_TASK INSTRUCTIONS:_
In the entries below, find the line containing "Arne Vodder Danish" and the line containing "Kyst-shirt Olberg East Hoodie". Copy those two lines and everything between them exactly, and only that.

_DATA:_
====================

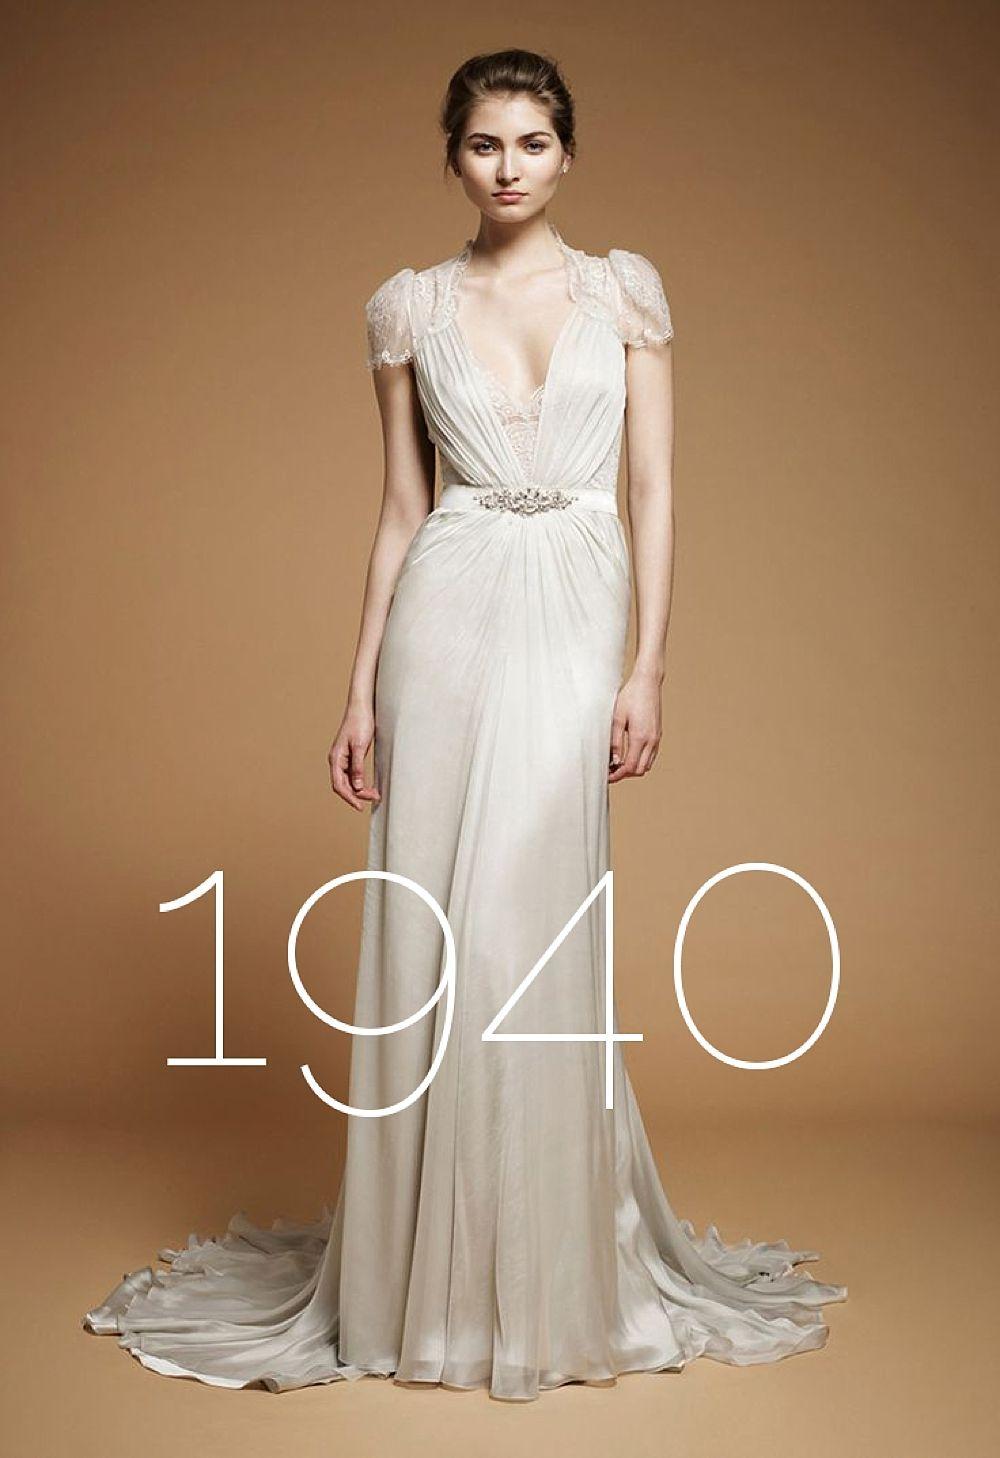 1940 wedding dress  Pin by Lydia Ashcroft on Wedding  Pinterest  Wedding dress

====================

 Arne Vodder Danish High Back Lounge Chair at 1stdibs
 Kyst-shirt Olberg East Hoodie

====================

_EXERCISE SOLUTION:_
 Arne Vodder Danish High Back Lounge Chair at 1stdibs
 Kyst-shirt Olberg East Hoodie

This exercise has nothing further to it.